On June 7, 2007, one of the greatest and most beloved Chicago Cubs of all-time, Anthony Rizzo, was drafted by Theo Epstein … but not by the Chicago Cubs.
At the time, Epstein still worked for the Boston Red Sox and Derek Lee was still manning first base in Chicago – and none of us knew the man who’d ultimately catch the final out of the Cubs first World Series win in over 100 years had started his professional career elsewhere.
A couple years after Rizzo was drafted, current Cubs GM Jed Hoyer was hired as the General Manager for the San Diego Padres. And not one year after that, he made his move to acquire Rizzo in a deal that sent All-Star first baseman Adrian Gonzalez back to the Red Sox. On June 9th, 2011, after spending 93 games in the Padres Minor League organization, Rizzo got his call up to big leagues, but fortunately for all of us … it didn’t go too well. In just under 50 games and roughly 150 plate appearances, Rizzo struggled to make contact, striking out over 30% of the time, while finishing his cup of coffee with a .141/.281/.242 slash line.
That shaky start to his career likely played a role in the Padres’ eventual targeting and acquisition of first baseman Yonder Alonso. Indeed, not even a full month after the Padres picked Alonso as the heir apparent to Adrian Gonzalez at first base, the Padres shipped Rizzo off to the Theo Epstein-led, and completely rebuilding, Chicago Cubs. Rizzo needed just 70 games at Triple-A Iowa to impress the Cubs new front office and on June 26th, 2012 he put on a new jersey, laced in Cubbie-blue, for what we all hope was the final time.
I don’t need to remind any of you of what happened next … but I will anyway. During his first seven years as a Chicago Cub, Rizzo did nothing but impress us. On the field, he’s become a three-time All-Star, two-time Gold Glover, and one-time Silver Slugger. He’s also received MVP votes in each of the last five seasons, including two top-five finishes and another top-ten finish. And, of course, he helped the Chicago Cubs end the longest drought in professional sports history.
Off the field, Rizzo was (and remains) a model for professional athletes. A cancer survivor himself, Rizzo started the Anthony Rizzo Foundation and has generated millions of dollars in donations to help in the fight against cancer. On top of that, Rizzo has made it a personal calling to frequent children’s hospitals to help inspire and support kids battling the a wide range of health issues.
And after his former high school, Marjory Stoneman Douglas, was terrorized by a school shooting in February of 2018, Rizzo returned to Parkland, Florida to deliver an emotional speech at the vigil, pledging his support and condemning the acts of violence.
Rizzo’s body of work as both a caring human being and talented ballplayer earned him repeated nominations for the Roberto Clemente award, one of baseball highest honors, and in 2017 he became one of the youngest recipients of the award.
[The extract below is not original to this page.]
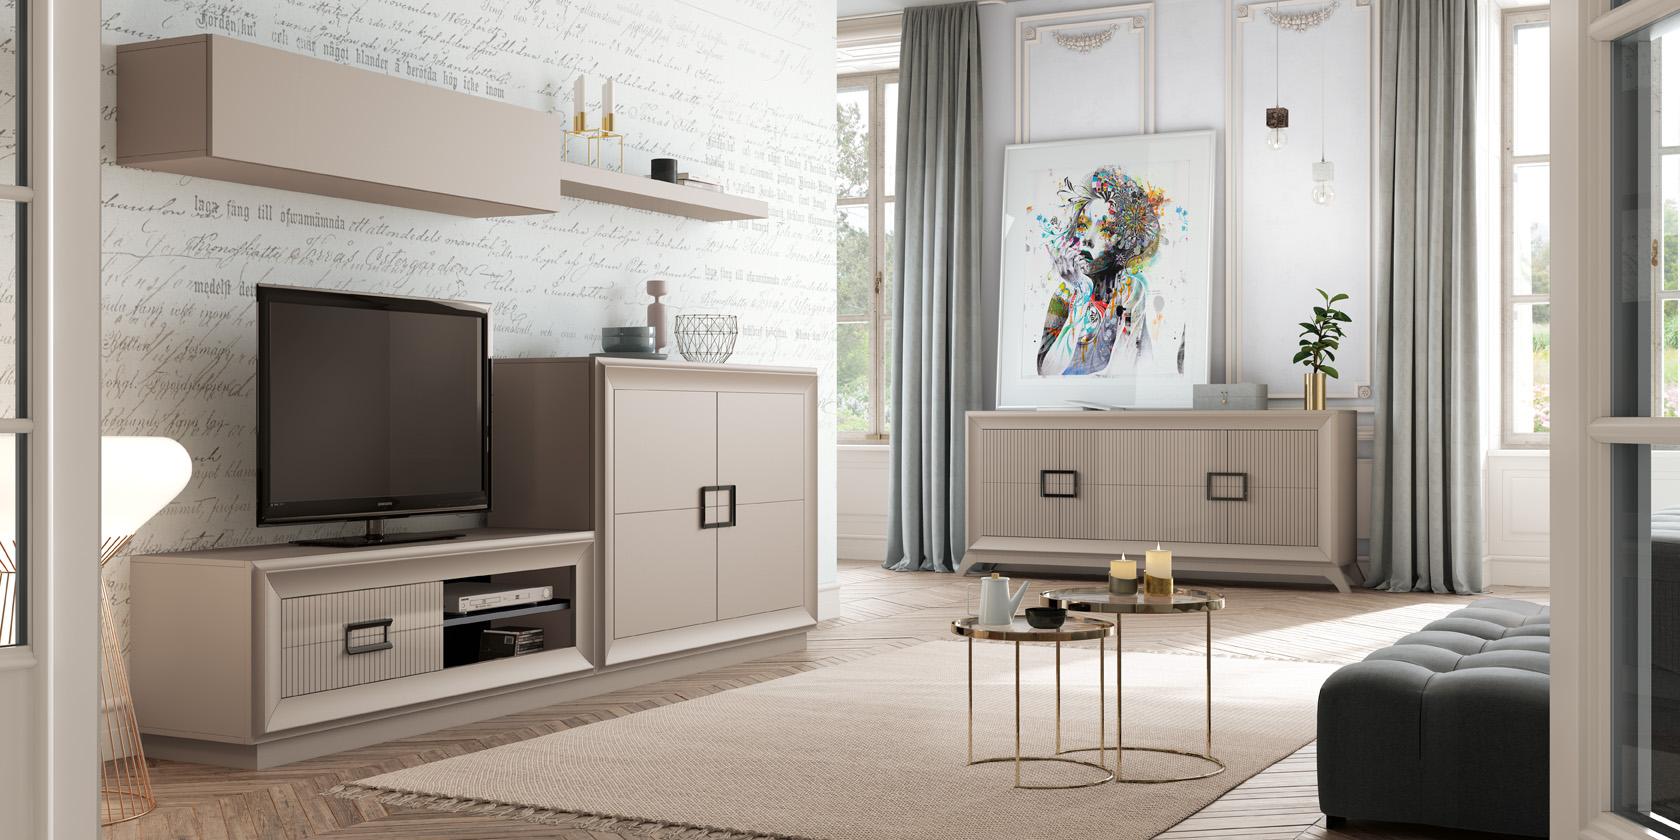 salon-contemporaneo-L-GANT-muebles-paco-caballero-724-5cc6bd7ce2450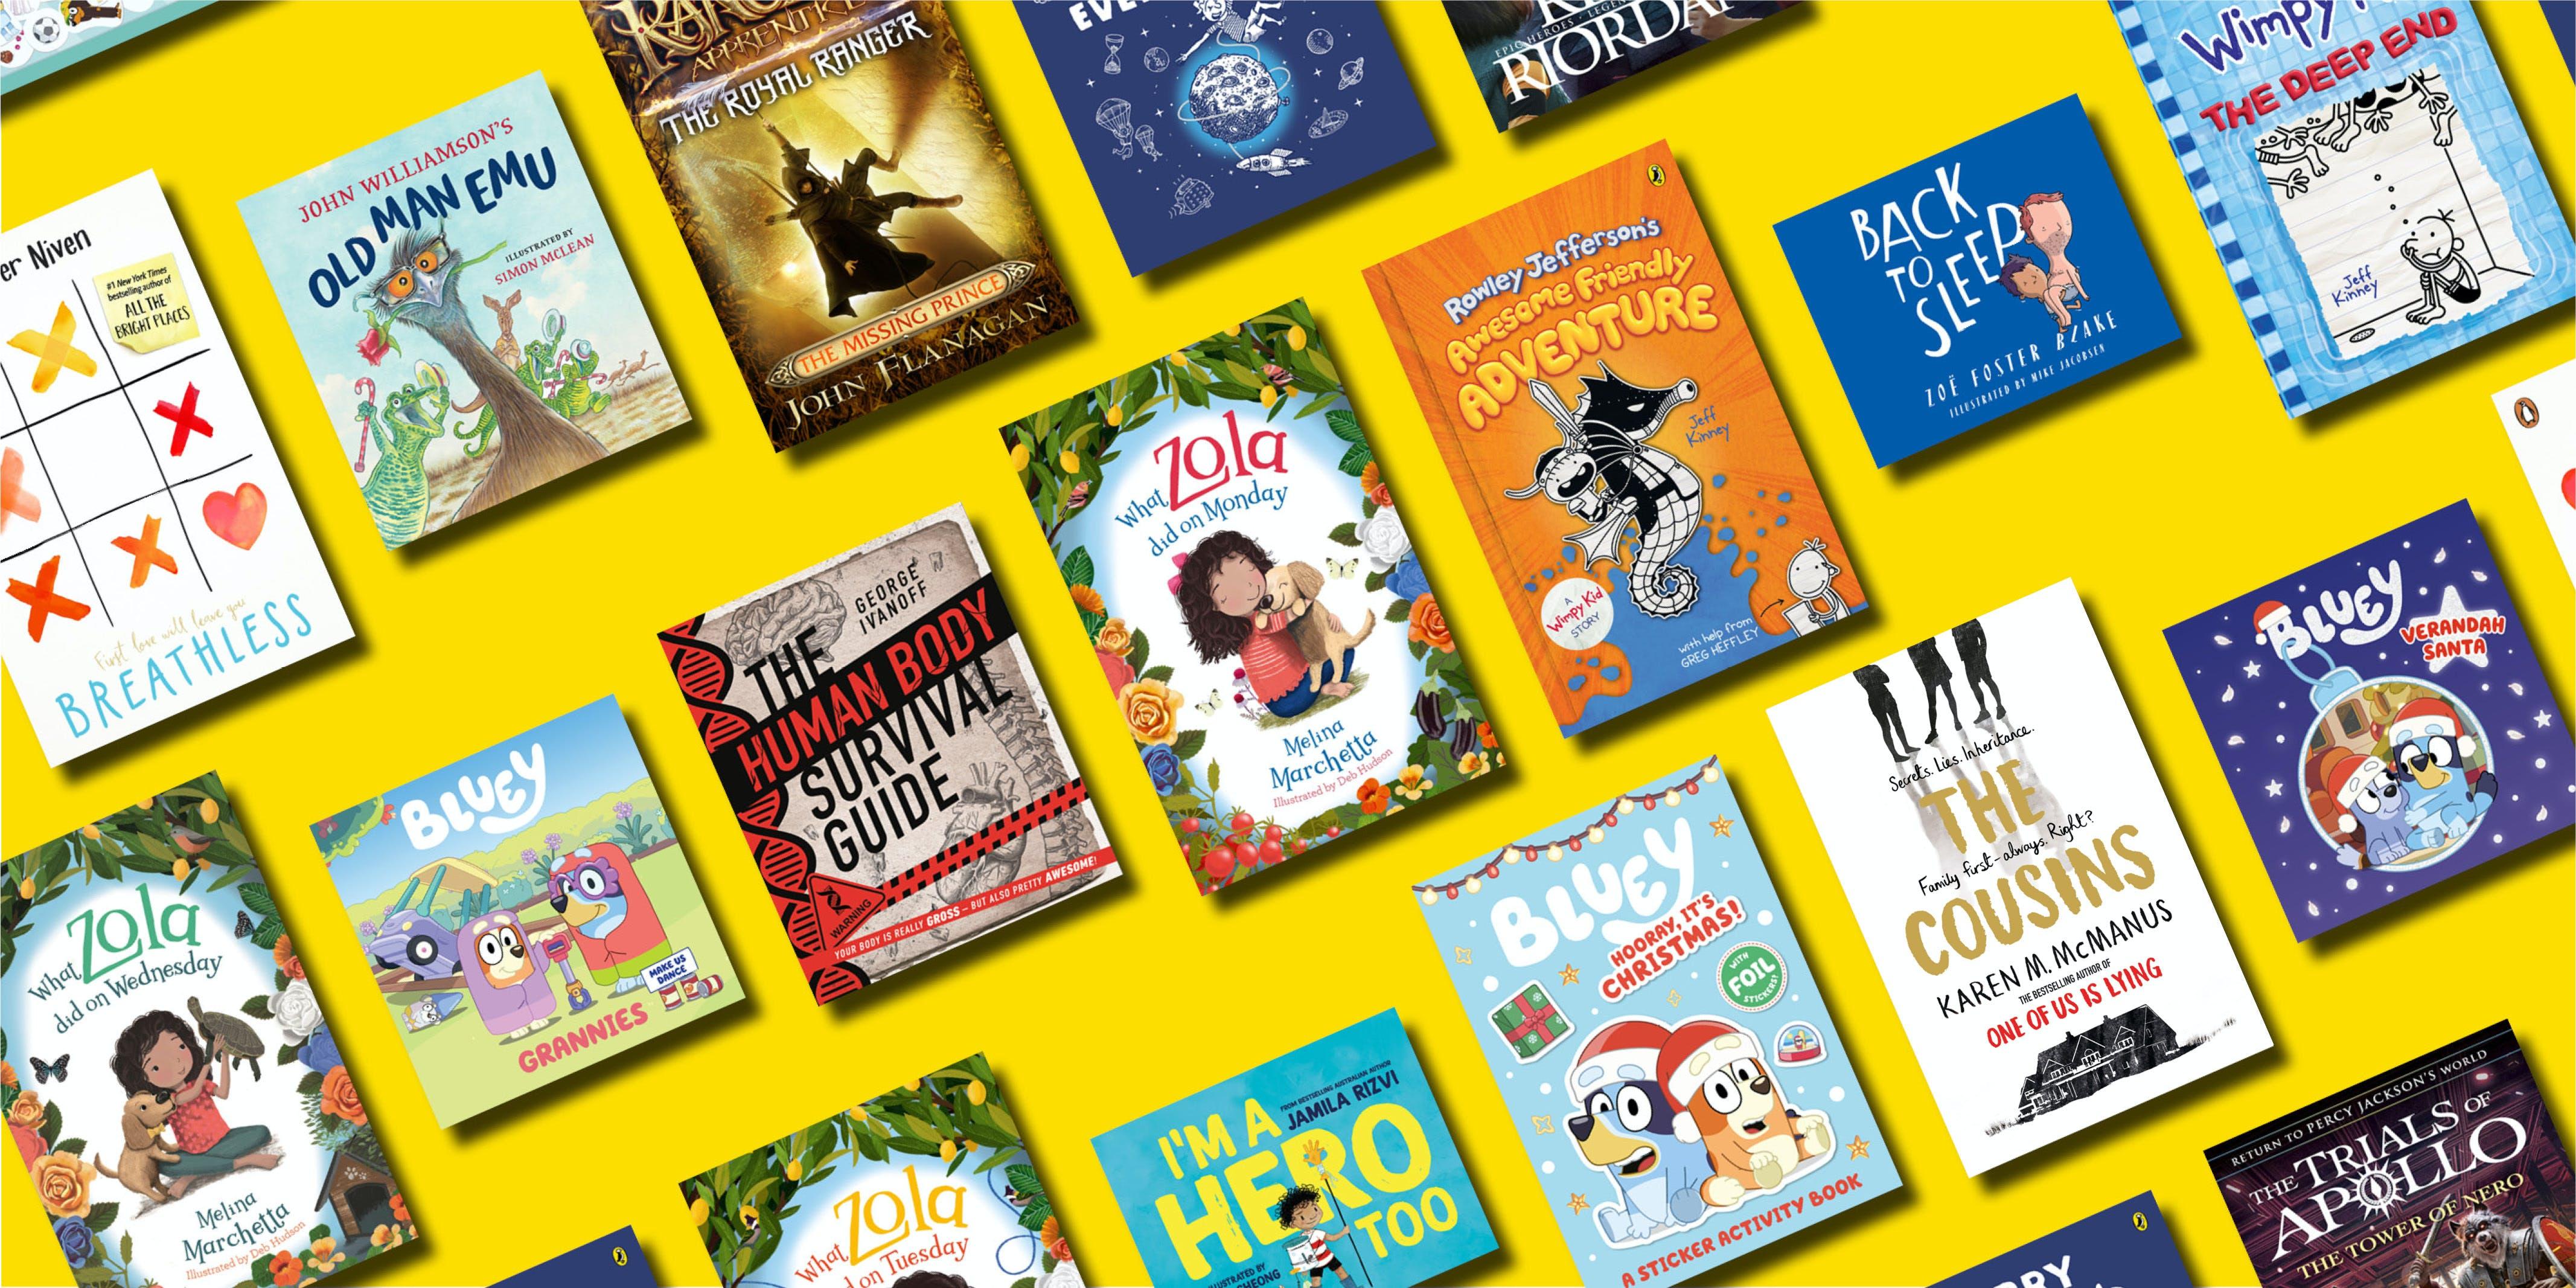 Australia's top 12 kids books for Christmas 2020

Thanks to an extension signed back in 2013, Anthony Rizzo, now 29 years old, still has three more years under contract with the Chicago Cubs. But as we discussed just yesterday, no one player on this roster is more deserving – or more desired by fans – to secure a deal that’ll keep him in Chicago for the rest of his playing days.
At the Daily Herald, Bruce Miles spoke with Anthony Rizzo about his career with the Chicago Cubs – both on and off the field – entering a season in which he’ll turn 30. If any article is worth your attention today, this profile on Rizzo is it: “It’s crazy. I remember posing for a picture on Instagram that I was in the 25-and-under club. What was that, 2015, when everyone first got called up when we were all 25 years old and younger? Four short years later … but I feel like every year I gain more wisdom and knowledge.”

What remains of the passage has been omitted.